Myrtle Beach Condo Sales on the Rise


Condo sales creep higher
Prices leveling out, analysts say

May 07, 2008

By Jessica Foster – The Sun News

Home sales and prices on the Grand Strand continued falling from last year’s levels in April, though condo sales have crept up since January.

There were 520 single-family house and condo sales last month compared with 865 in April 2007, a 40 percent decline, according to a report released Tuesday by the Coastal Carolinas Association of Realtors.

Still, there were 268 condo sales in April, reflecting steady increases every month since January.

“I think the condo pricing is starting to get in line with buyers … and we’re seeing more sales as a result of that,” said Tom Maeser, market analyst for the Realtors’ association. “The sellers held out for a long time at high prices, and I think they realized if they’re going to sell, they need to adjust to where the market is.”

The median price of condos fell 25 percent since April 2007, and house prices fell 8 percent. The median price is where half sell for more and half sell for less.
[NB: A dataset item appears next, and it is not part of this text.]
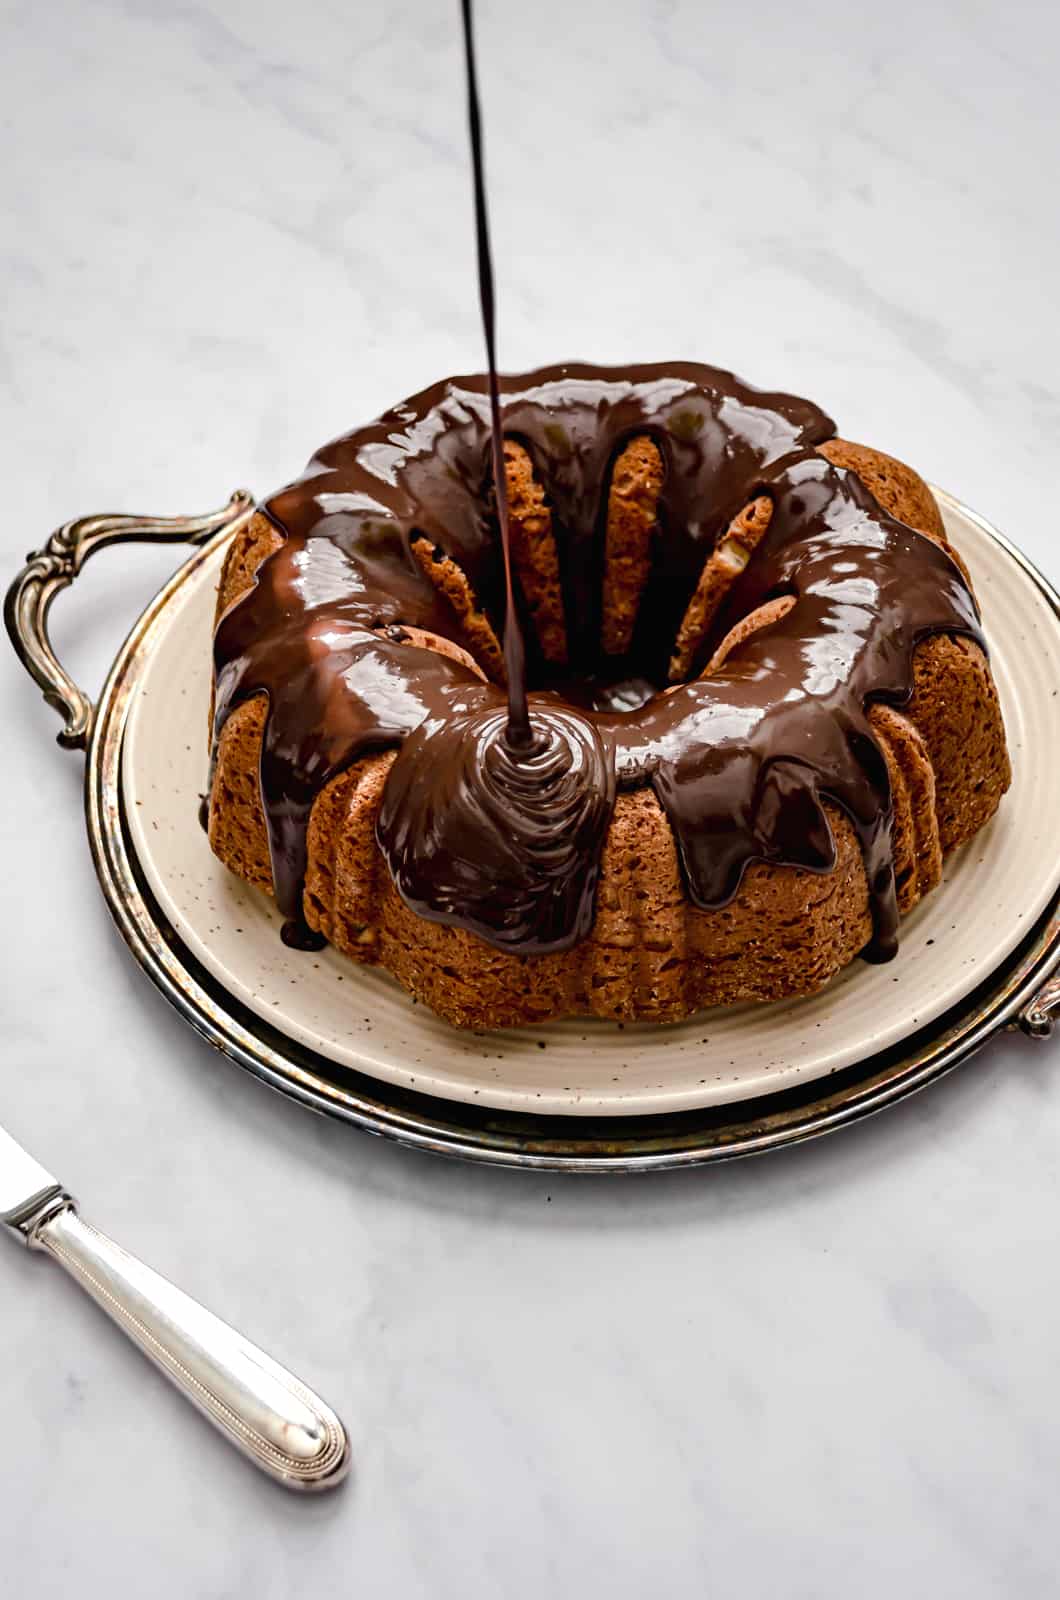 roasted banana bundt cake with chocolate glaze being drizzled on top.

The properties selling slowest are the high-end, million-dollar properties, Maeser said. There is a 92 month supply of million-dollar houses on the market, Maeser said. That means that if those houses continue selling at the current rate, it would take 92 months to eat up the inventory.

“High-end product hurts probably the most because your investor and your second home buyer that are looking at making those purchases, as they see prices coming down, they hold out longer,” Maeser said.

On the other end of the pricing spectrum, there’s an 11-month supply of homes less than $150,000, he said.

The ideal market for sellers is one in which there’s less than a six-month supply.

Houses sold in April spent an average of 163 days on the market – about the same as April 2007 – and condos spent 254 days – down 72 days from April 2007.

Kay Van Hoesen, owner of Certifax Appraisals in Myrtle Beach, said her company is seeing homes sell quickly, some after only 30 to 60 days on the market, if they’re priced close to the appraisal value.

She said that certain segments of the market, especially investor-driven segments such as oceanfront condos, are bringing the market down now that investors are more or less on the sidelines.

“The properties that are reasonably priced are selling quickly,” Van Hoesen said. “The markets that were investor driven are the ones that are the weakest and they’re going to be the slowest to come back.”